====== Extracted records

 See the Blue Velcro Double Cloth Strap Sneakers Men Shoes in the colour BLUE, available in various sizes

============
====== Extracted records

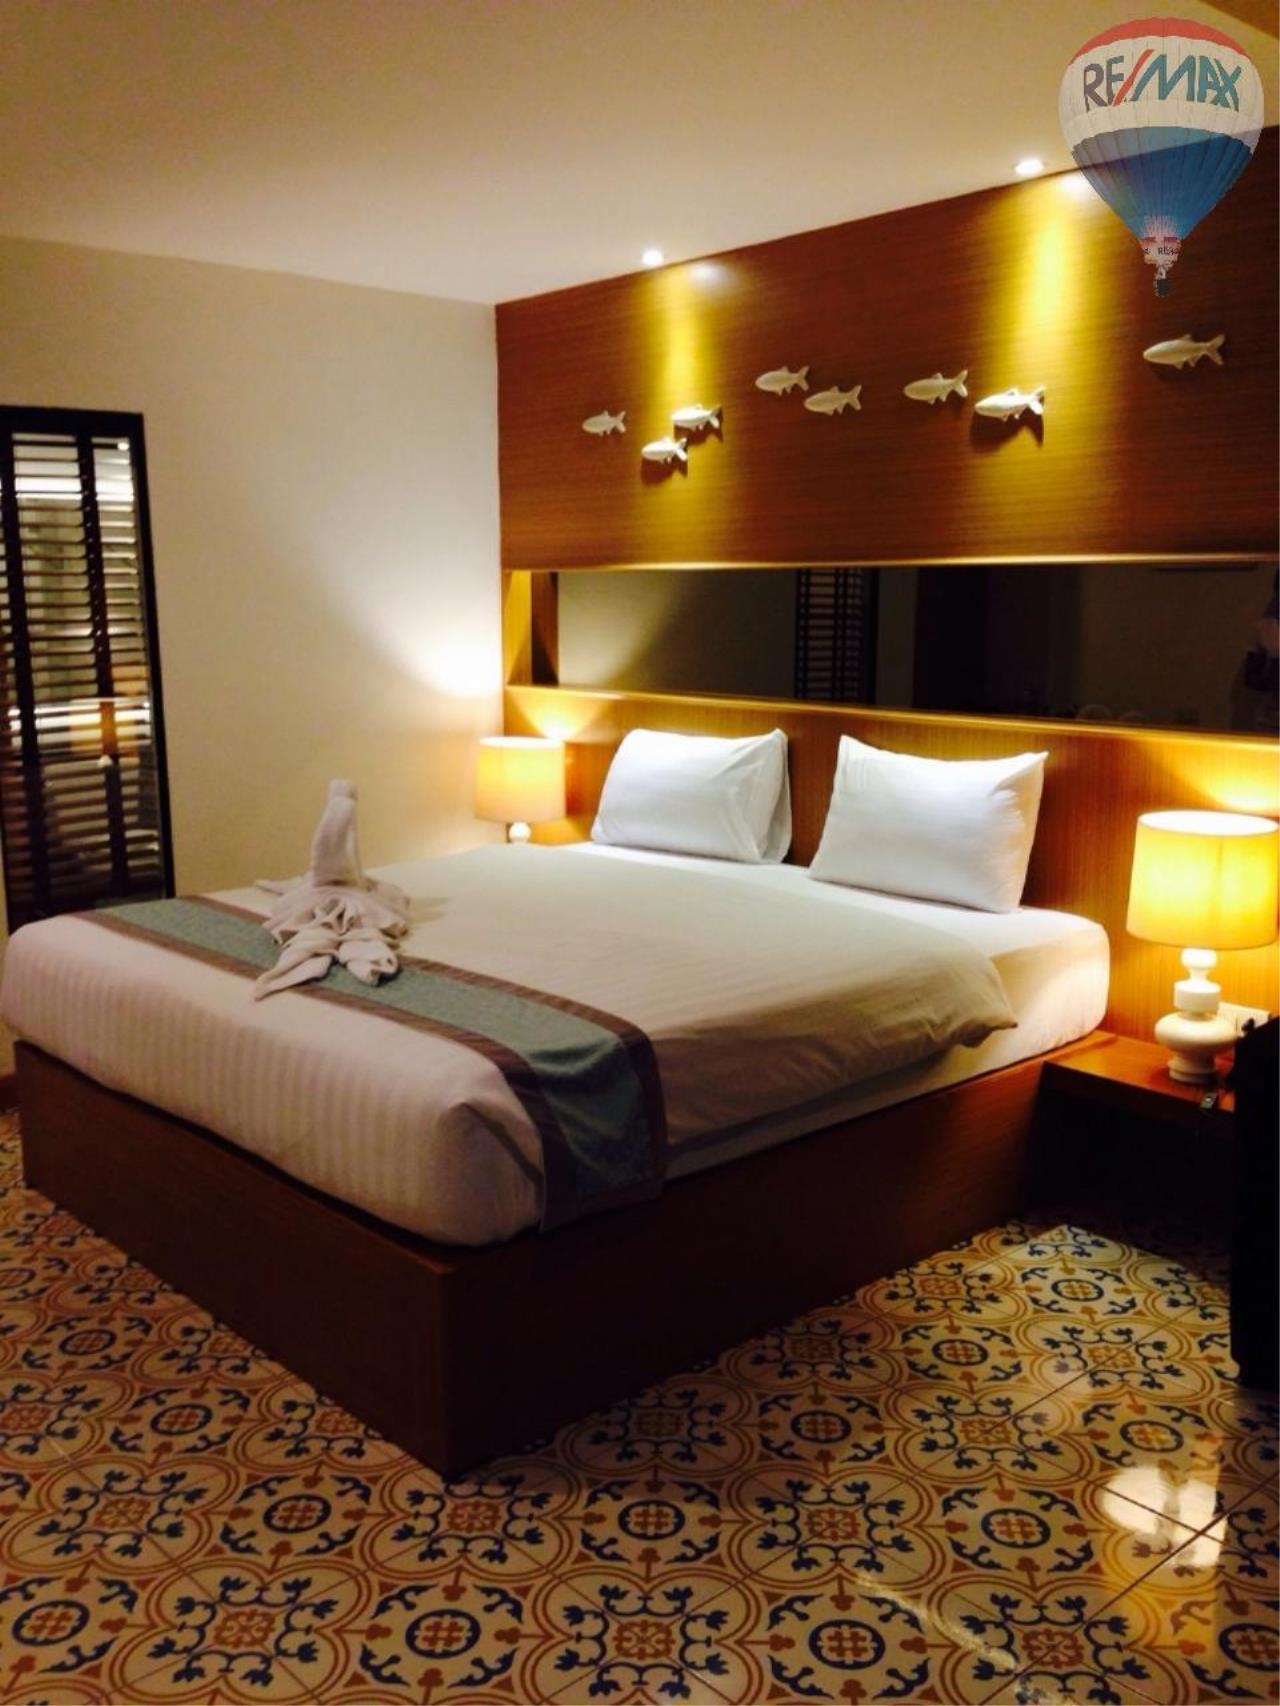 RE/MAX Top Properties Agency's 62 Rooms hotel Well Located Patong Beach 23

============
====== Extracted records

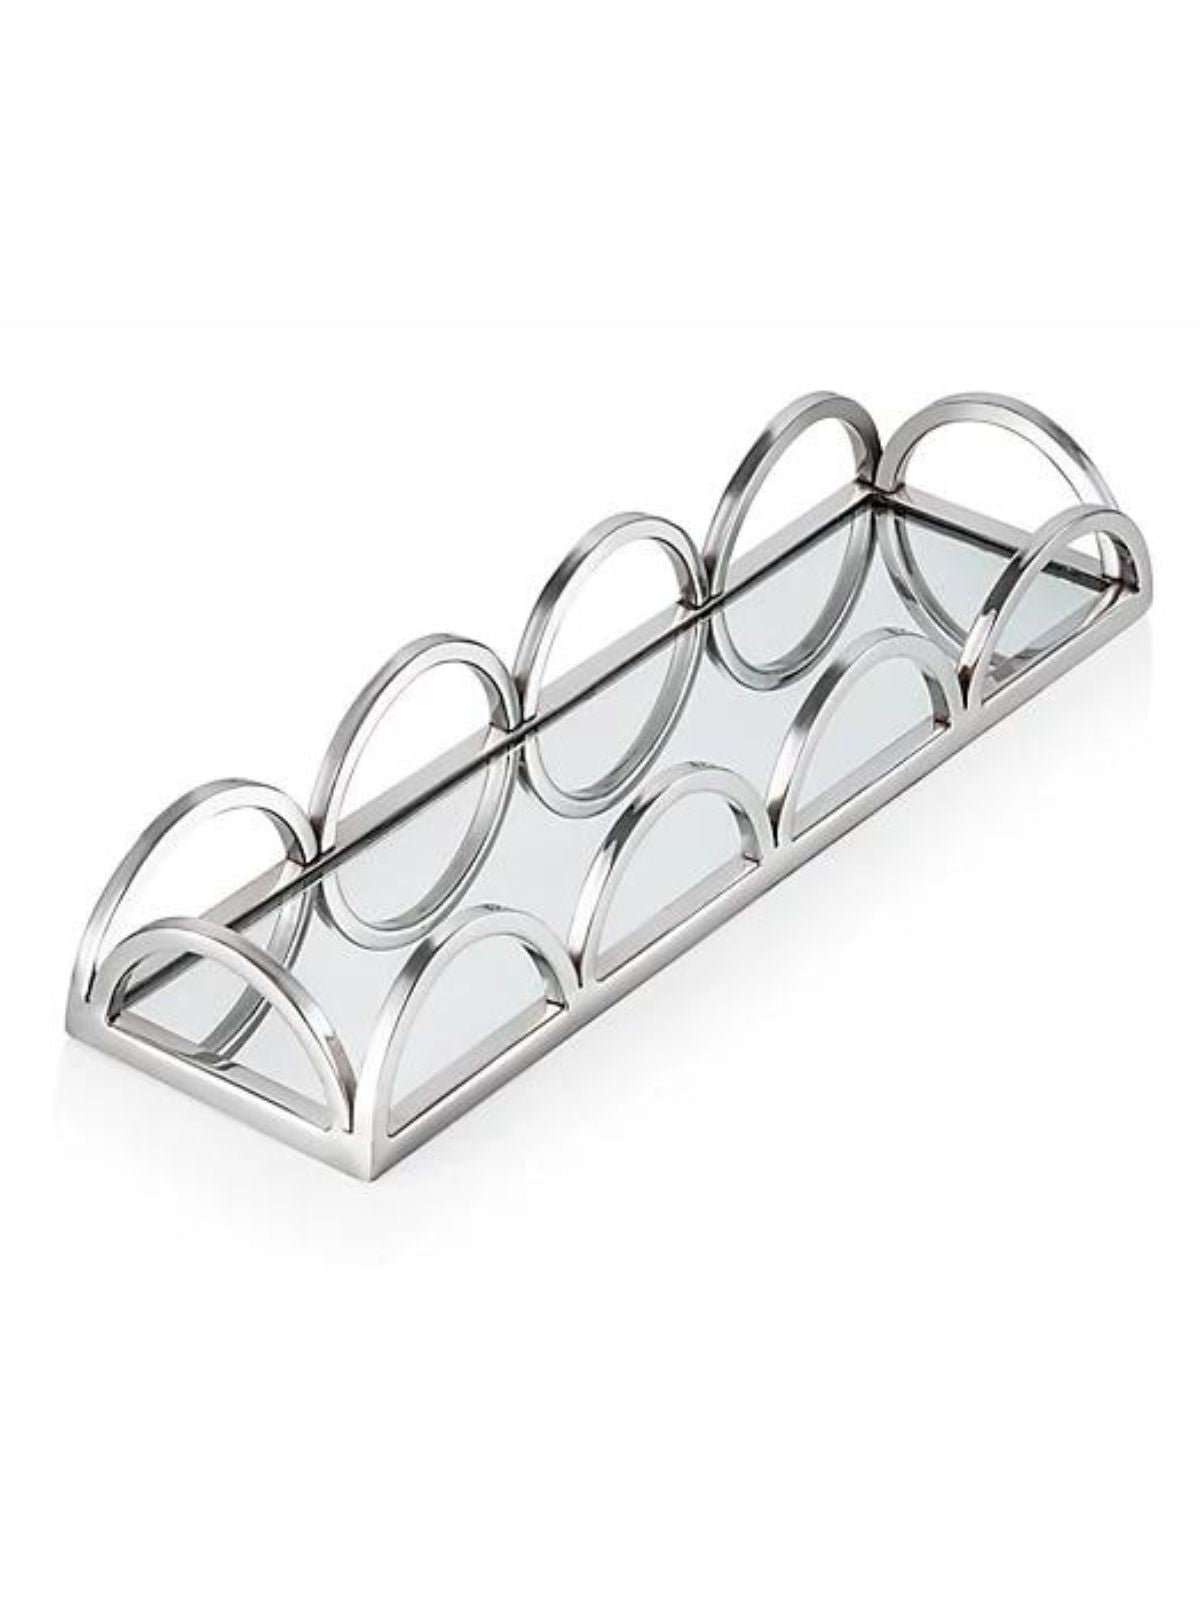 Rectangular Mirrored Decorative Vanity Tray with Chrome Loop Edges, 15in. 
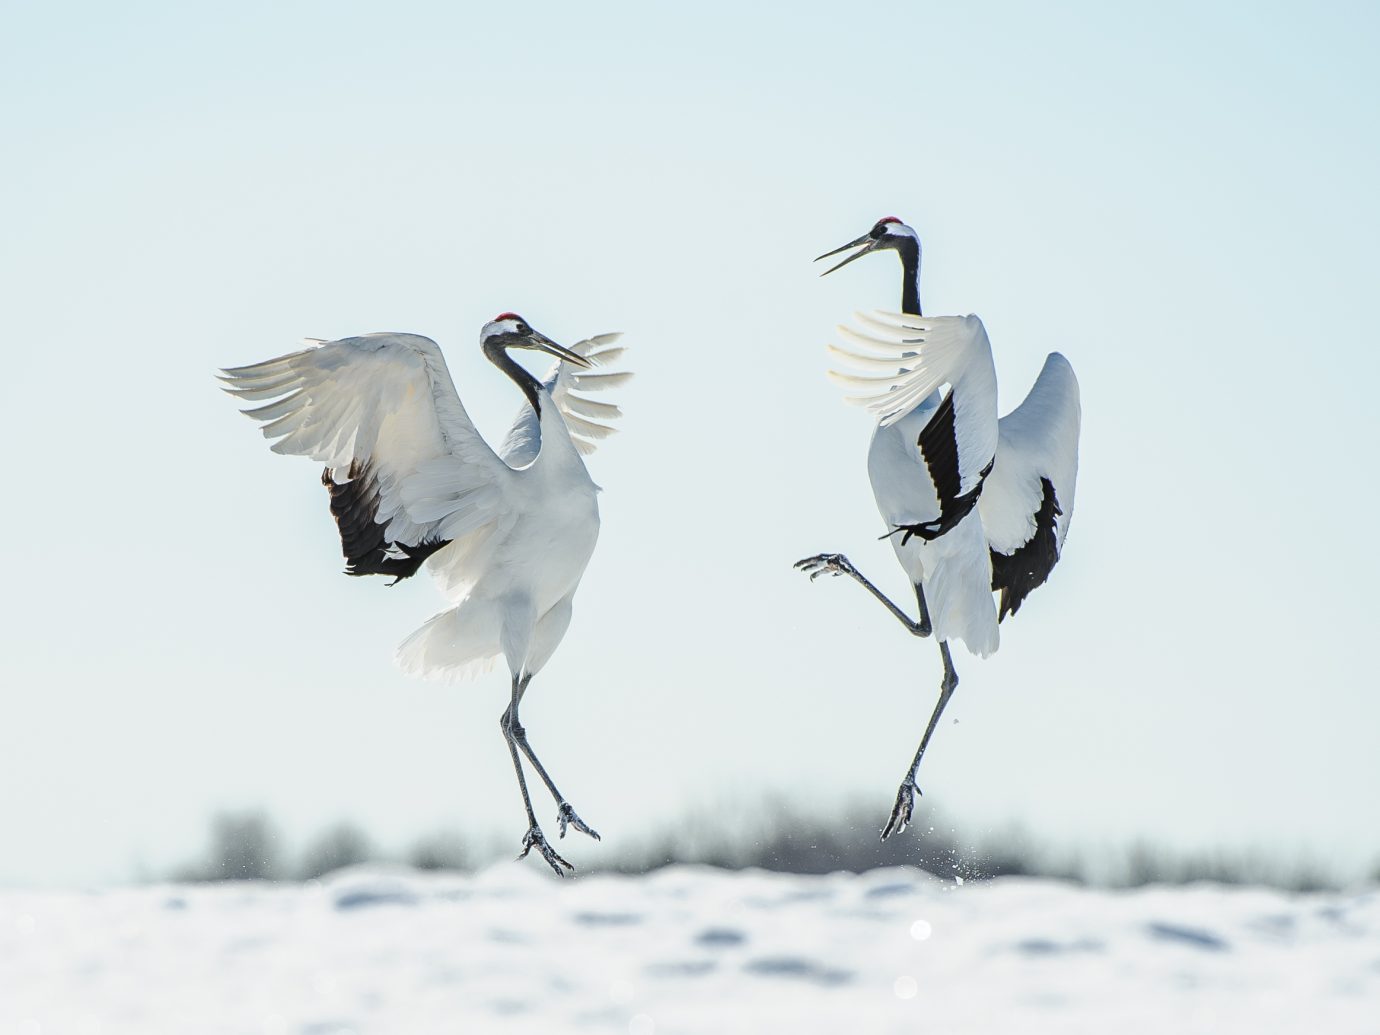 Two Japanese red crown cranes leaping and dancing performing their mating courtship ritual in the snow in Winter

============

From the line with "Rectangular Mirrored Decorative" up to and including the line with "Two Japanese red" above, retype every line exactly and nothing more; leave out the pictures.

### Result
 Rectangular Mirrored Decorative Vanity Tray with Chrome Loop Edges, 15in. 
 Two Japanese red crown cranes leaping and dancing performing their mating courtship ritual in the snow in Winter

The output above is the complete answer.